Thursday, August 25, 2011

DBH: How the Debugger Help utility can help.

My work in servicing Windows usually results in a bunch of "This component is crashing, please investigate it" questions. One of the first things I always need to do is locate the source code for that component. Lately, I've been using a nice little utility, dbh.exe to accomplish this.

dbh.exe is included with the Windows Debugging tools and it basically provides a command line interface to the dbghelp.dll. For code-finding purposes I'll use the "src" option.

Here's the output on a small utility I'm working on (it's much more useful for large source bases (like Windows) where the code is spread out in many separate source code depots):
c:\>dbh d:\data\projects\base\windd\Debug\windd.exe src *.c*

d:\data\projects\base\windd\windd\main.cpp
d:\data\projects\base\windd\windd\globals.cpp
d:\data\projects\base\windd\windd\datastream.cpp
d:\data\projects\base\windd\windd\commands.cpp
...
I had to cut off some more of the display because this is on a development machine with private Windows symbols -- it displays all the source paths for the Visual Studio CRT, Windows source files that define various GUIDs used by my application, and other miscellaneous junk.

The most important thing I tell people to answer the "Where does the code for XYZ live?" question is: "Check out dbh.exe in the debugging tools." If you have the symbols to your code it's amazing what you can do with the default tools. There are a few features I'd like to see (disassembly of a function with line data, etc...) and perhaps I'll be making my own version of dbh.exe shortly.

There's so much to dbh.exe and I haven't even scratched the surface with this post. I hope you find it as useful as I do.

Wednesday, August 3, 2011

No More Memory Leaks!

Introduction

One of the most common problems in coding is tracking down memory leaks. I remember working at IGT and trying to track down a really nasty problem -- we had some code that seemed to leak a very small amount of memory. On most products you may actually just yell, "Ship It!" and be done with it but this wasn't an option. The code in question had to run for a very long time -- multiple years depending on the quality of power at the location. A slot machine handles money and having software dealing with money slowly consume all the available memory on a system is not acceptable.

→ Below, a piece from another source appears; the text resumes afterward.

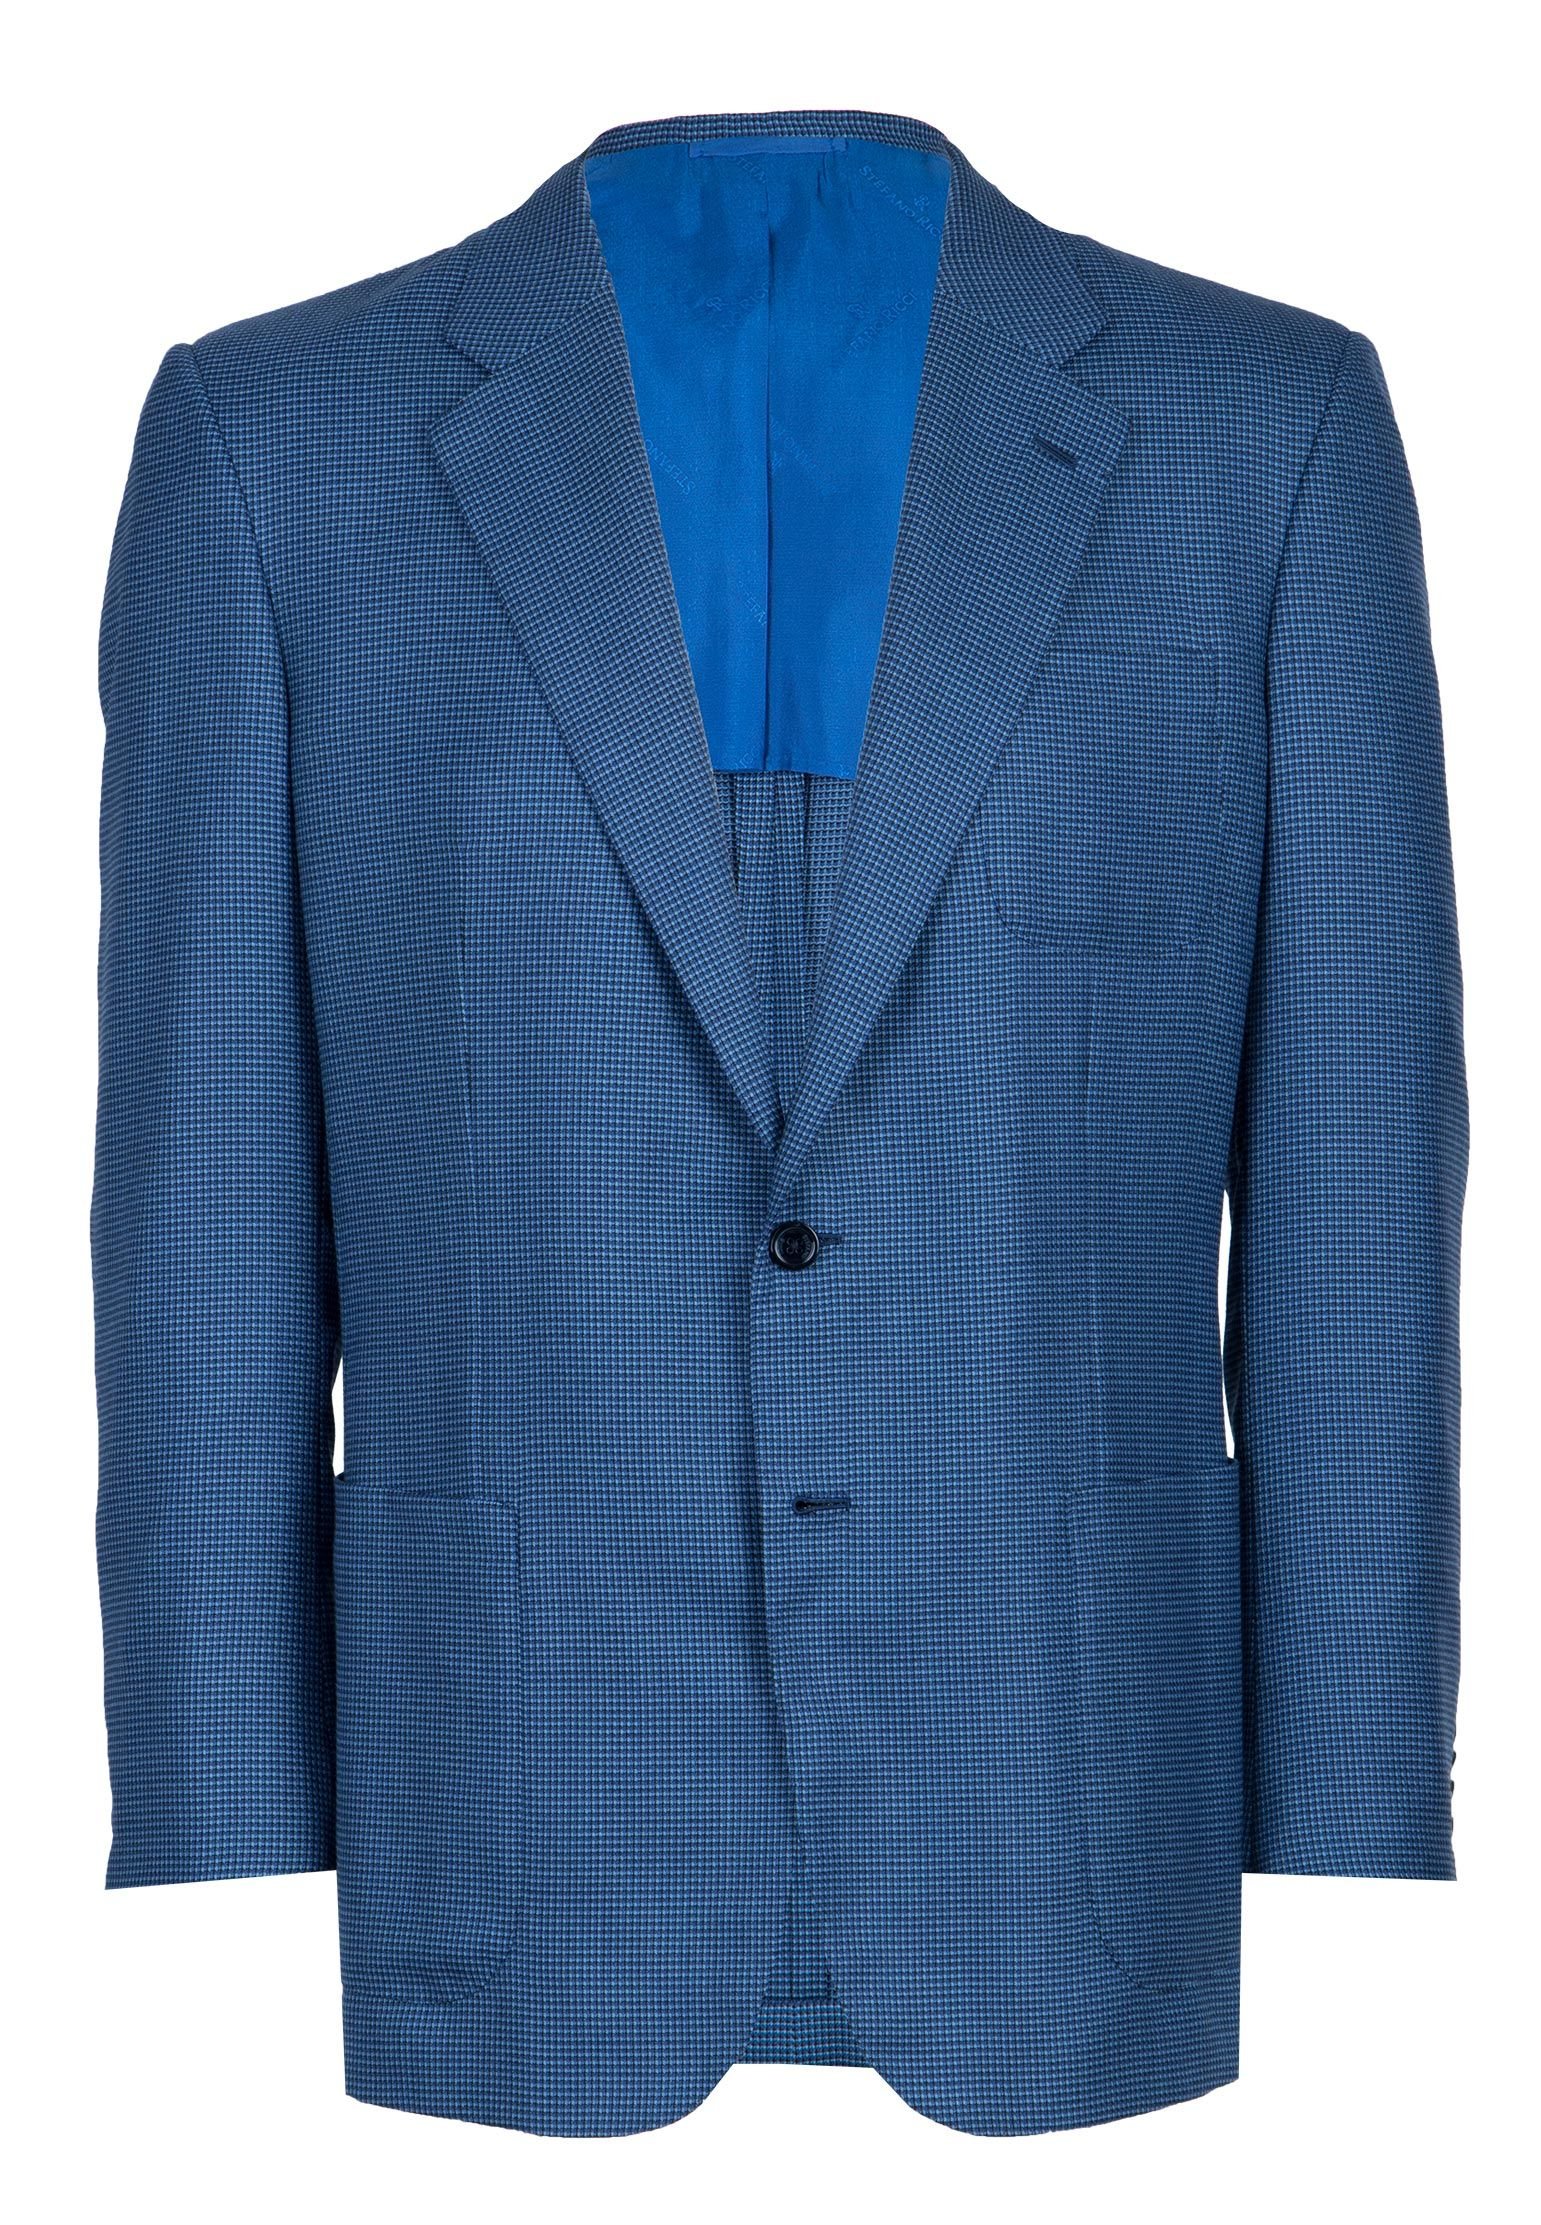 Шерстяной пиджак STEFANO RICCI Голубой 92554

Tracking down the offending memory allocation was tedious and time consuming. Reviewing source code and making changes then setting up tests to stress the environment and monitor the memory growth using various system APIs to query available memory. I worked with a great electrical engineer who even spent the extra time to load the data into Excel and come up with graphs. (This didn't really increase our productivity, but it made it look like we were doing something substantial.)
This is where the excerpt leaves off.